What to produce
Keep the pictures out. Copy every line of the listing exactly.

Recorded information
►

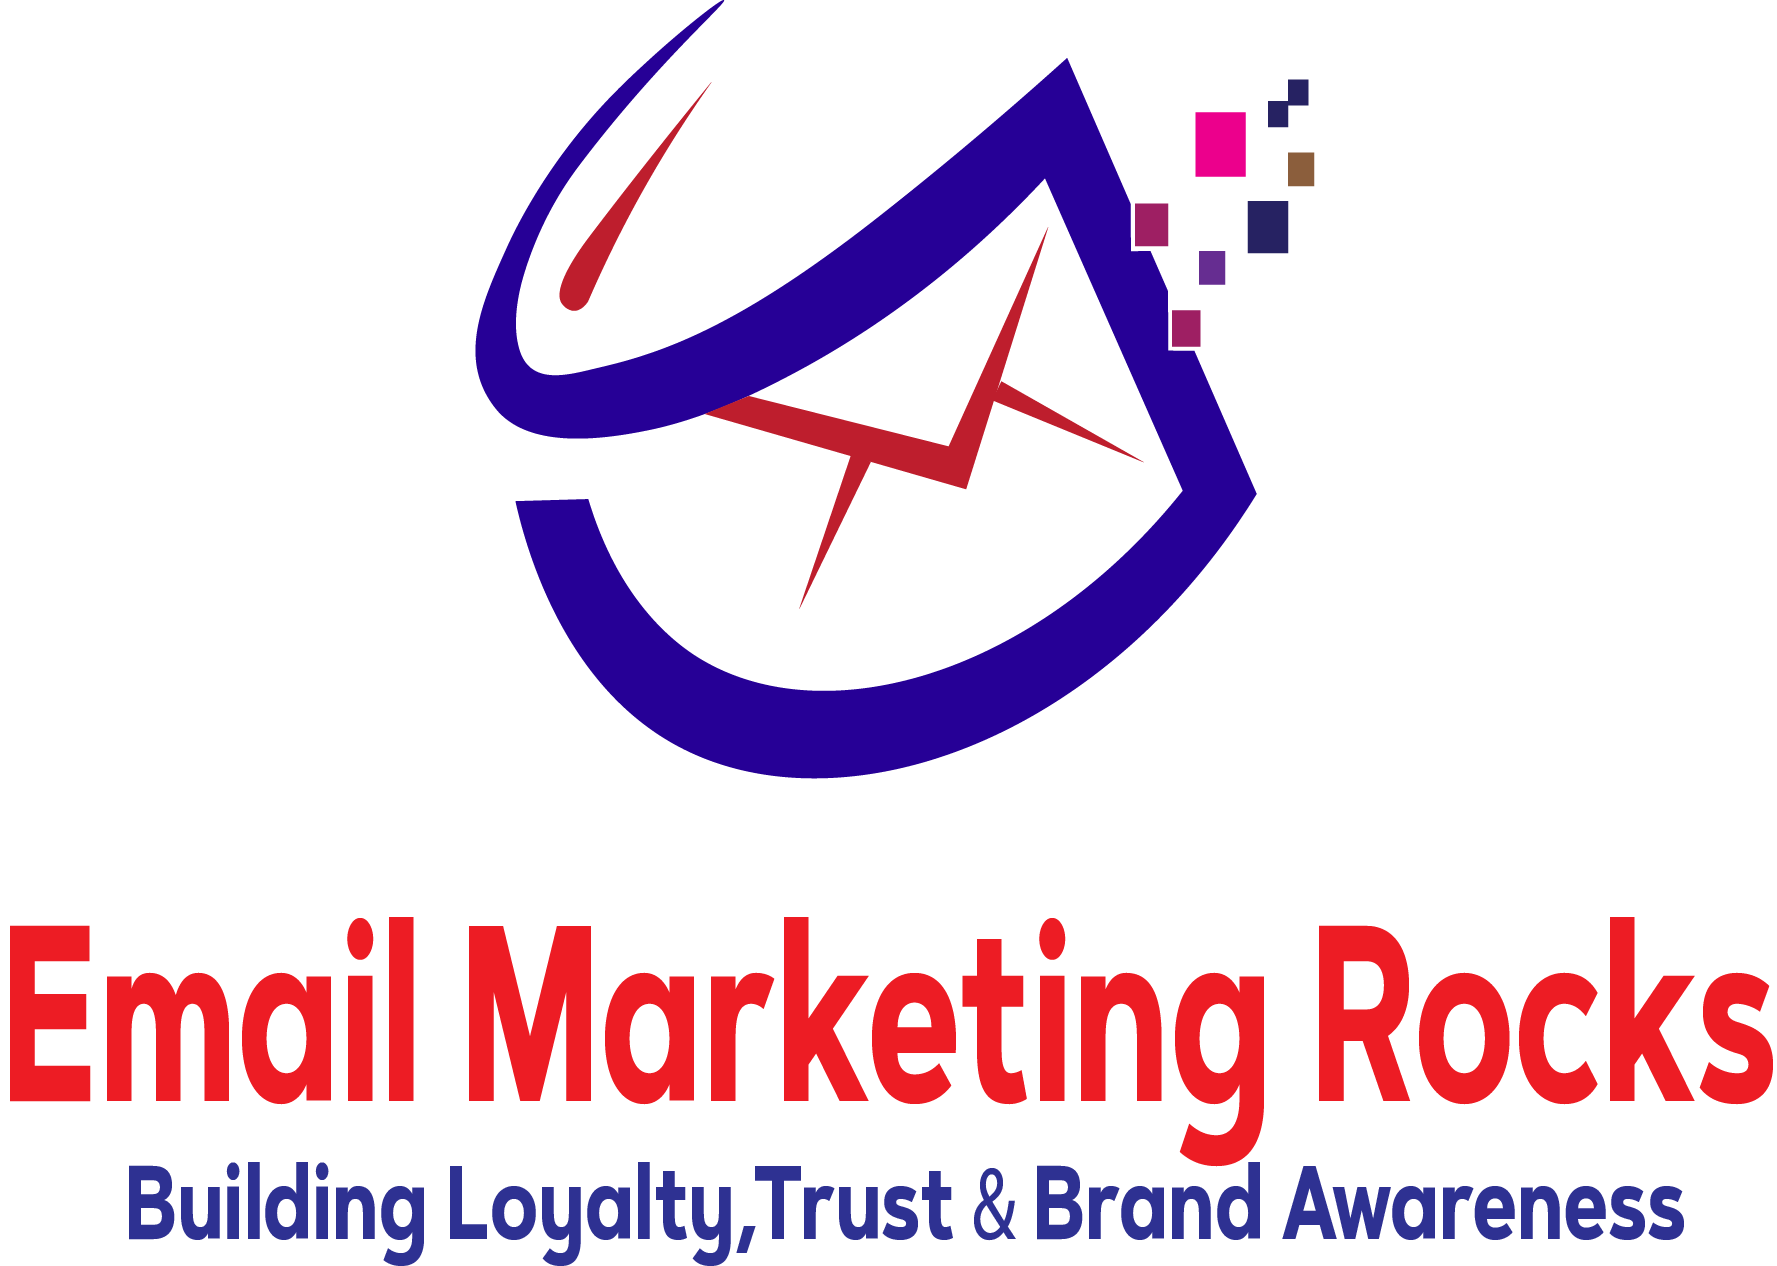 Email Marketing Rocks

Building Loyalty, Trust & Brand Awareness - Email Marketing Rocks

Building Loyalty, Trust & Brand Awareness - Email Marketing Rocks

Building Loyalty, Trust &amp; Brand Awareness

◄

Exercise result
 Email Marketing Rocks

Building Loyalty, Trust & Brand Awareness - Email Marketing Rocks

Building Loyalty, Trust & Brand Awareness - Email Marketing Rocks

Building Loyalty, Trust &amp; Brand Awareness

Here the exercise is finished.